В 2023 году термину “тоталитаризм” исполнилось сто лет. Впервые он появился у Джованни Амендолы в 1923-м для негативной характеристики режима Муссолини, но был впоследствии популяризован самими итальянскими фашистами. В 1926-м его начал использовать философ Джованни Джентиле. В работе Муссолини, написанной при участии Джентиле, “Доктрина фашизма” (1931) тоталитаризм понимается как абсолютная власть государства: Tutto nello Stato, niente al di fuori dello Stato, nulla contro lo Stato.

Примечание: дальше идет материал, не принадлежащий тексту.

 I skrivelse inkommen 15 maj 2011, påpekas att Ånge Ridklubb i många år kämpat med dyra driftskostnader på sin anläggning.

Испанский мыслитель Хосе Ортега-и-Гассет термин “тоталитаризм” не употреблял, но уделил большое внимание сравнению режимов Муссолини и Сталина, рассуждая о судьбе государства, покоренного восстанием масс. Он первым увидел, как демократия перерождается в нечто прямо противоположное, разглядел истоки тоталитаризма в триумфе “гипердемократии, когда массы действуют непосредственно, помимо закона, навязывая всему обществу свою волю и свои вкусы”. По его словам, “Муссолини нашел превосходно организованное итальянское государство, организованное не им, но как раз теми силами и идеями, с которыми он борется, — либеральной демократией, и начал безжалостно его истощать”.

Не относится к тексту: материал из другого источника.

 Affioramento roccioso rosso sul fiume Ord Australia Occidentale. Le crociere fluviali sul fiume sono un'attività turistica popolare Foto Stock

“Восстание масс” полностью было опубликовано в 1930 году, то есть до прихода к власти нацистов, когда для испанского мыслителя уже были ясны одноприродность режимов Сталина и Муссолини и их происхождение из того, что он называл гипердемократией, лишенной либерального начала, то есть деперсонализированной. К сходным выводам пришел почти десять лет спустя Франц Боркенау, рассматривавший взаимное сближение двух союзников (на момент написания его книги “Тоталитарный враг”) — нацистской Германии и СССР. Выводы его книги о нацизме как коричневом большевизме и о большевизме как красном фашизме; о том, что фашистские тенденции проявились в коммунистической России раньше, чем большевистские в нацистской Германии, были подробно разобраны в рецензии Джорджа Оруэлла, опубликованной 4 мая 1940 года, в самые тяжелые дни противостояния Британии союзу Германии и СССР. Оруэлл сделал вывод: “Два режима, начавшие с противоположных концов, стремительно перерастают в одну и ту же систему — некий олигархический коллективизм”. Хотя сам Боркенау, пожалуй, был резче, называя фашизм самой крайней политической формой самой крайней разновидности социализма.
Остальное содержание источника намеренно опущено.